Delta encoding means you encode the delta (difference) between each number and the next:
67497, 67376, 67173, 67235, 67057, 67031, 66951, 66974, 67042, 67025, 66897, 67077, 67082, 67033, 67019, 67149, 67044, 67012, 67220, 67239, 66893, 66984, 66866, 66693, 66770, 66722, 66620, 66579, 66596, 66713, 66852, 66715
would turn into:
[Base: 67497]: -121, -203, +62
and so on. Assuming 8-bit bytes, the original numbers require 3 bytes apiece (and given the number of compilers with 3-byte integer types, you're normally going to end up with 4 bytes apiece). From the looks of things, the differences will fit quite easily in 2 bytes apiece, and if you can ignore one (or possibly two) of the least significant bits, you can fit them in one byte apiece.
Delta encoding is most often used for things like sound encoding where you can "fudge" the accuracy at times without major problems. For example, if you have a change from one sample to the next that's larger than you've left space to encode, you can encode a maximum change in the current difference, and add the difference to the next delta (and if you don't mind some back-tracking, you can distribute some to the previous delta as well). This will act as a low-pass filter, limiting the gradient between samples.

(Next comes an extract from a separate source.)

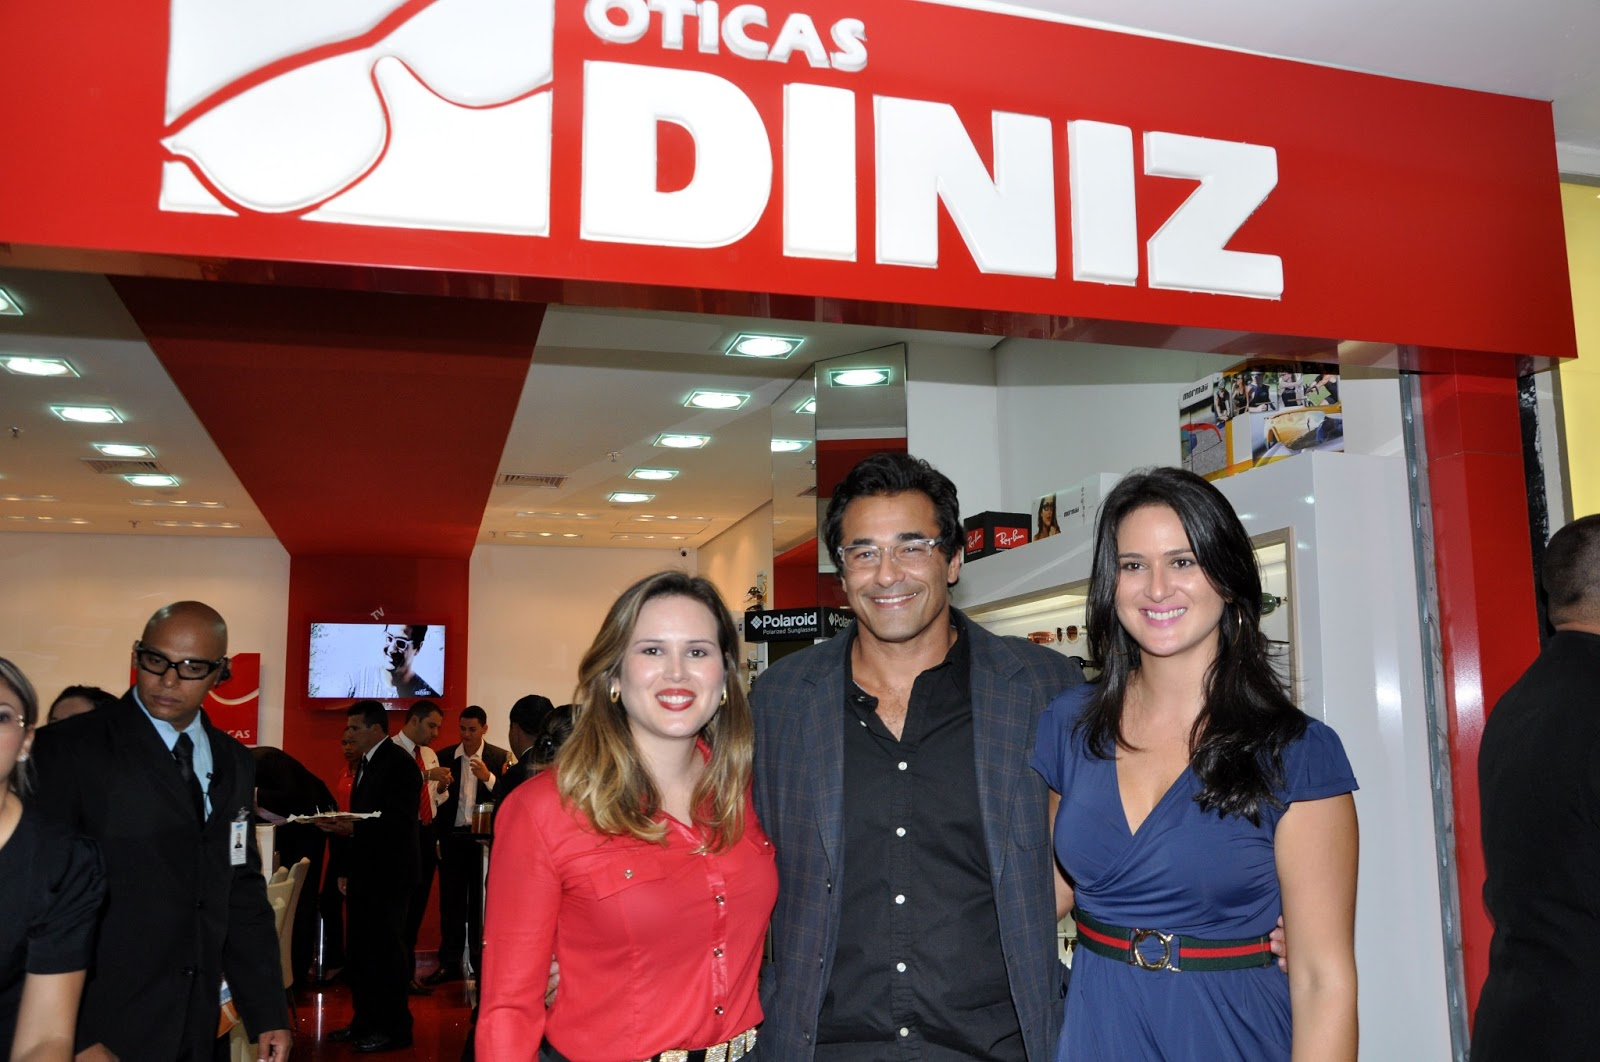 F shion Tour Brasil  Ótica Diniz inaugurou loja no shopping Pátio Brasil df5f2546ee

For example, in the series you gave, a simple delta encoding requires ten bits to represent all the differences. By dropping the LSB, however, nearly all the samples (all but one, in fact) can be encoded in 8 bits. That one has a difference (right shifted one bit) of -173, so if we represent it as -128, we have 45 left. We can distribute that error evenly between the preceding and following sample. In that case, the output won't be an exact match for the input, but if we're talking about something like sound, the difference probably won't be particularly obvious.
I did mention that it was an exercise that I had to complete and the solution that I received was deemed not good enough, so I wanted some constructive feedback seeing as actual companies never decide to tell you what you did wrong.
When the array is compressed I store the differences and not the original values except the first as this was my understanding. If you had looked at my code I have provided a full solution but my question was how bad was it?